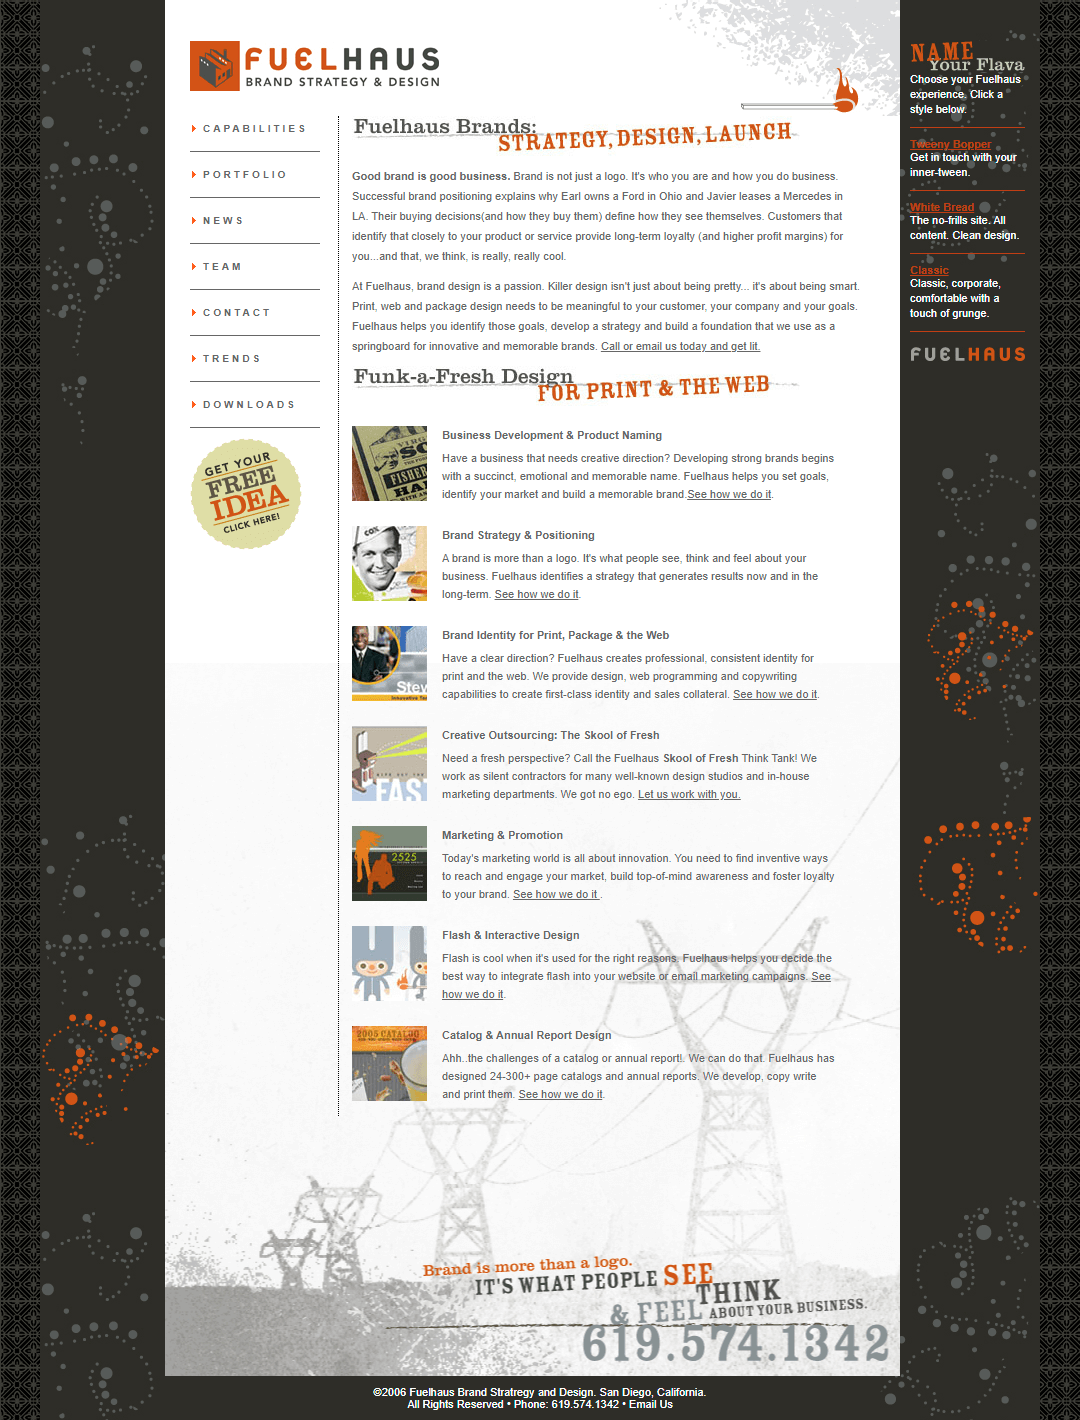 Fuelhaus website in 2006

---------------

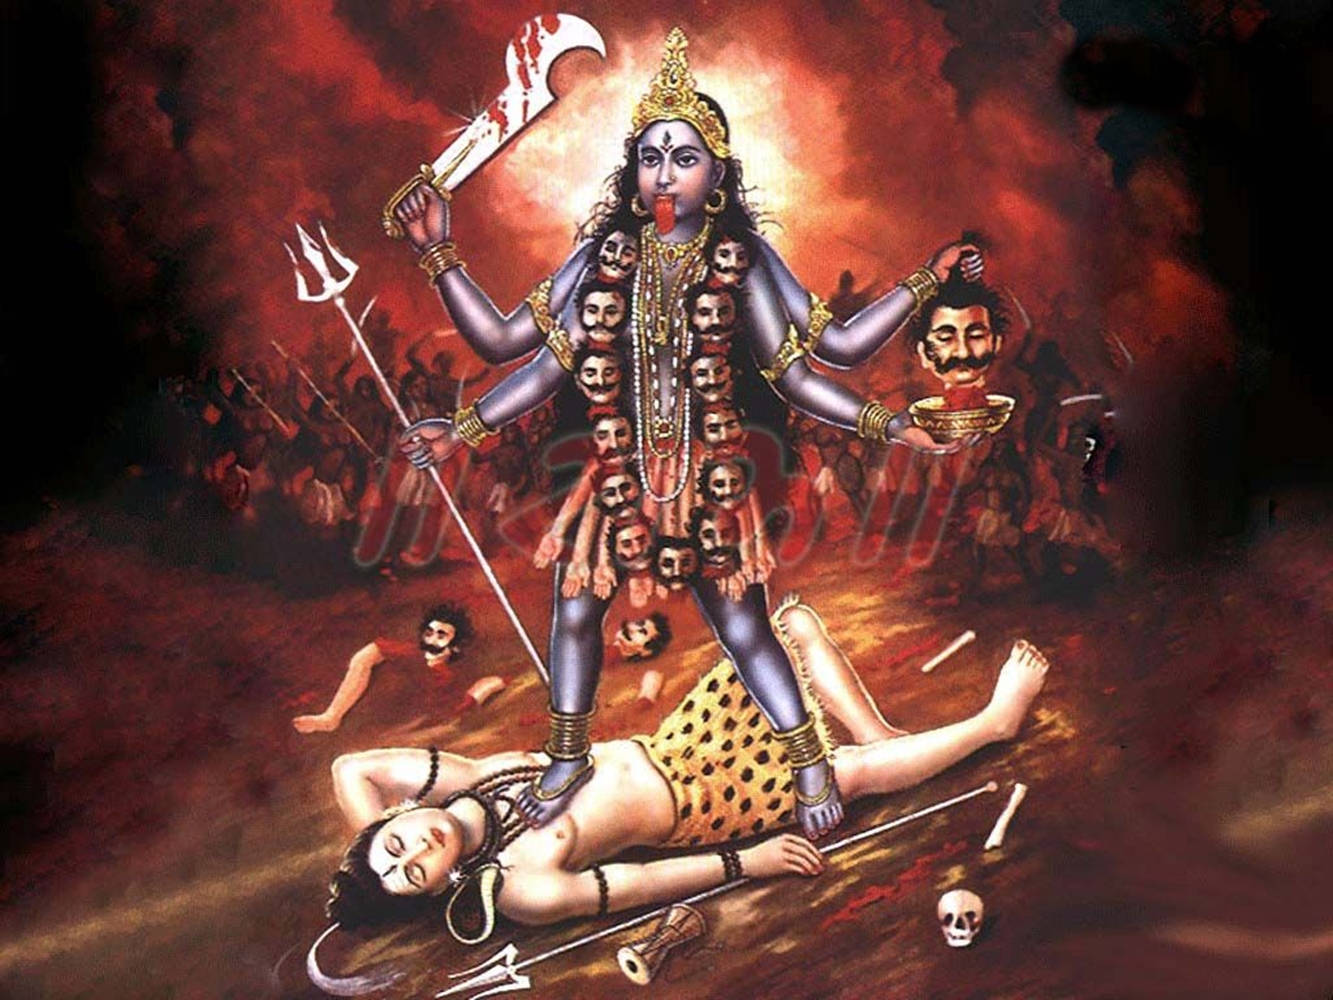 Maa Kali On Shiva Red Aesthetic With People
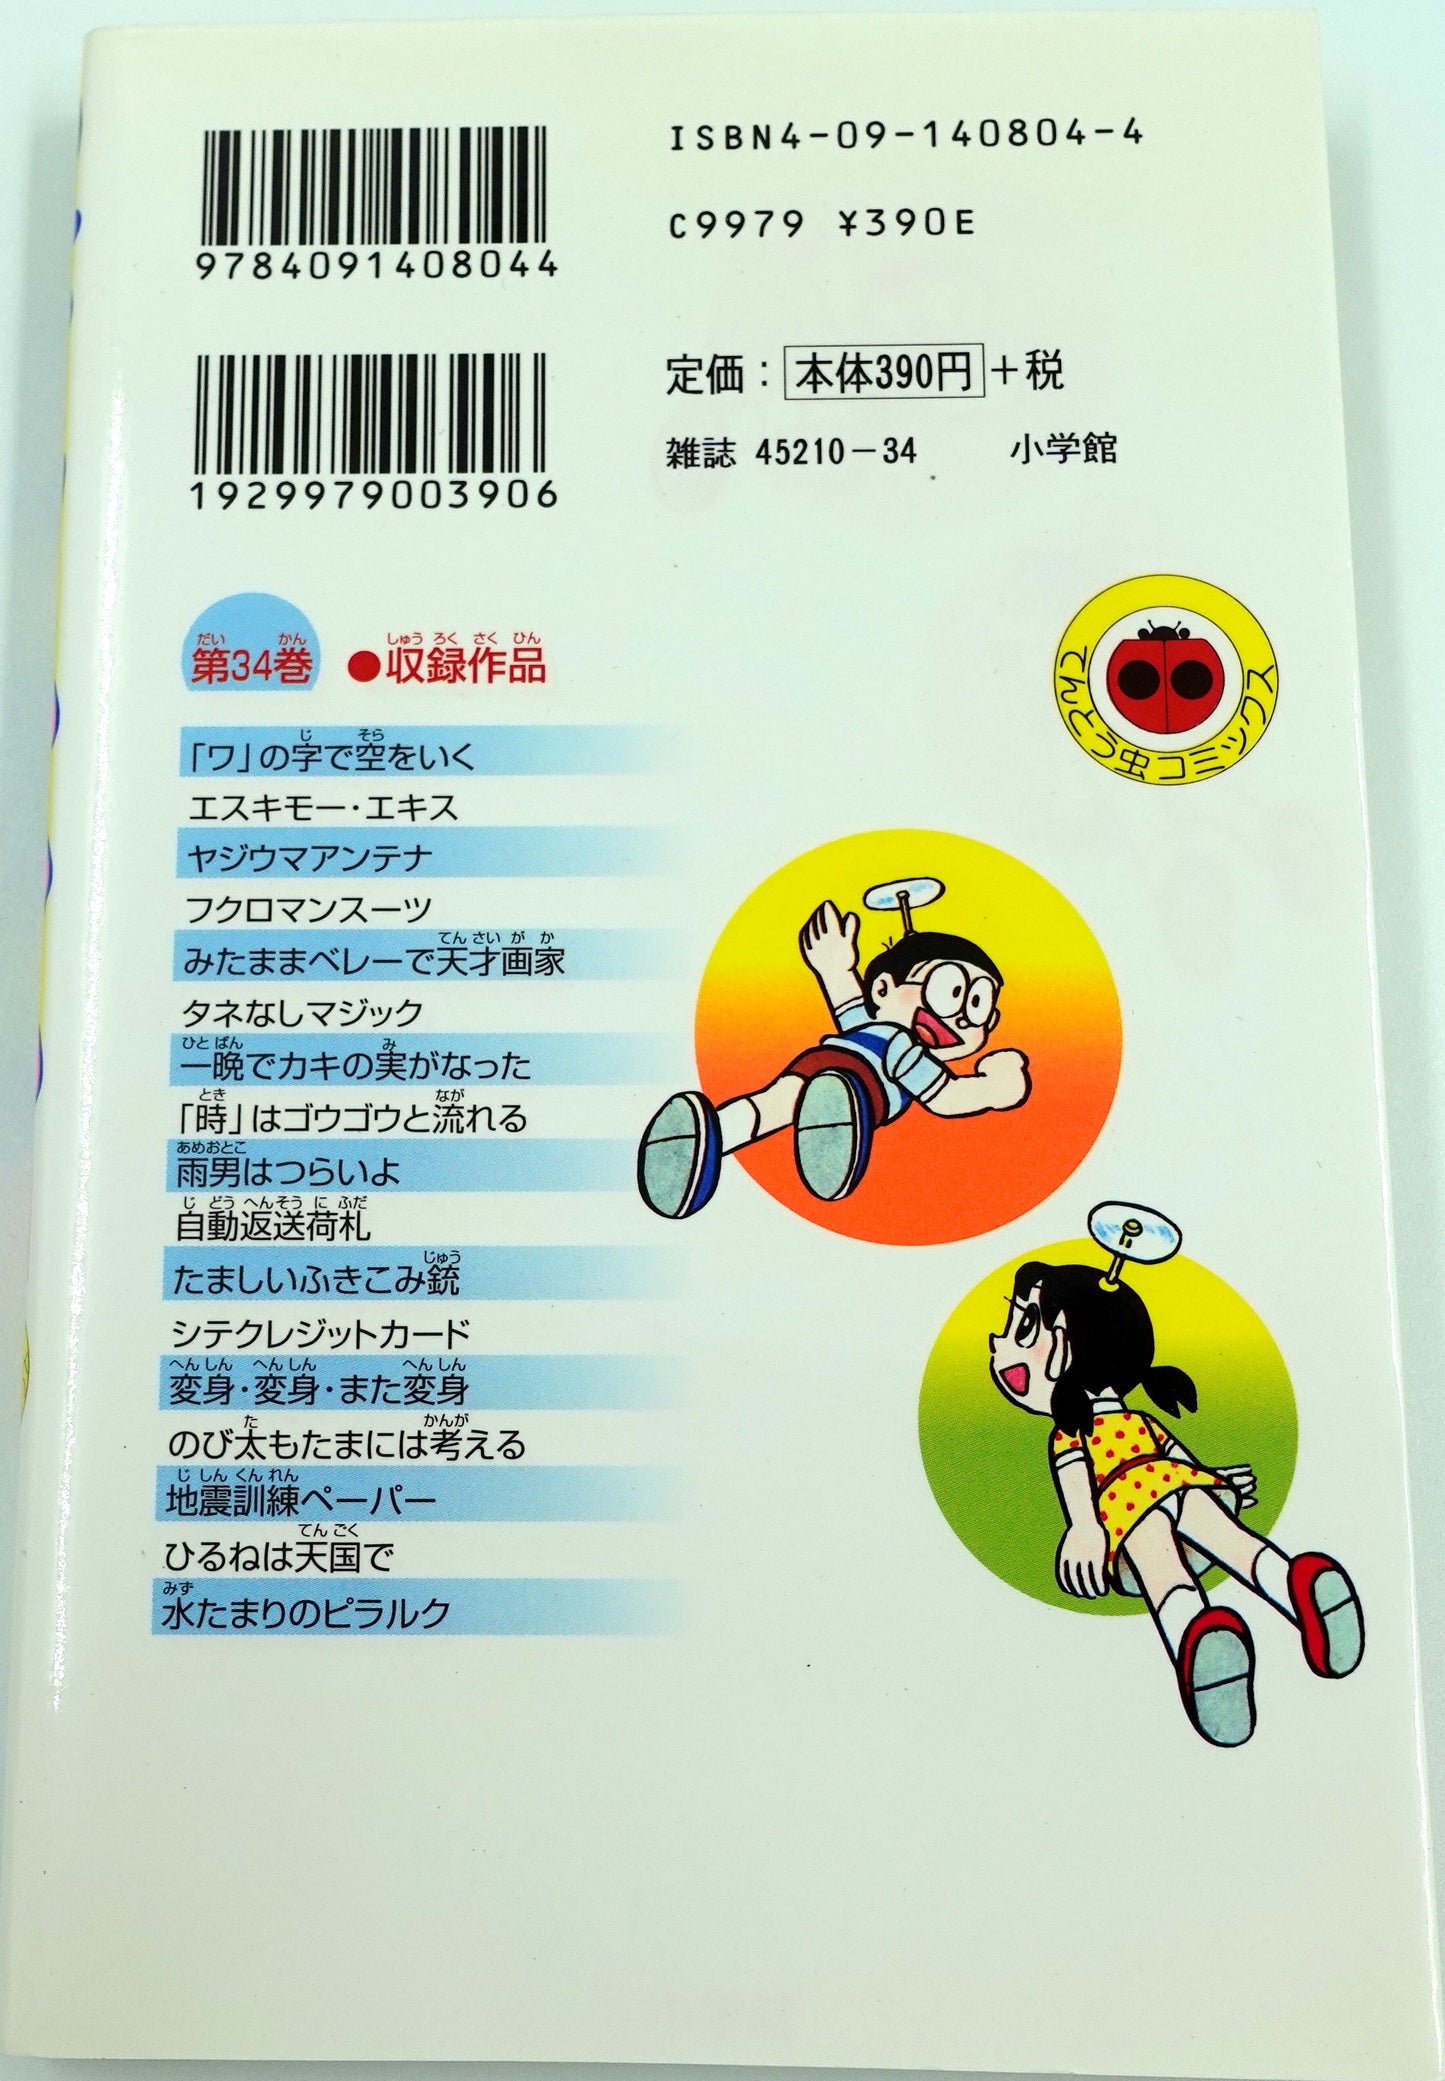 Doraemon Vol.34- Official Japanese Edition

---------------

## TASK
What is needed is an exact copy of only the lines above from the one with "Maa Kali On Shiva Red Aesthetic With People" to the one with "Doraemon Vol.34- Official Japanese Edition", both kept, with every picture left out.

## SOLUTION TO THIS PROBLEM
 Maa Kali On Shiva Red Aesthetic With People
 Doraemon Vol.34- Official Japanese Edition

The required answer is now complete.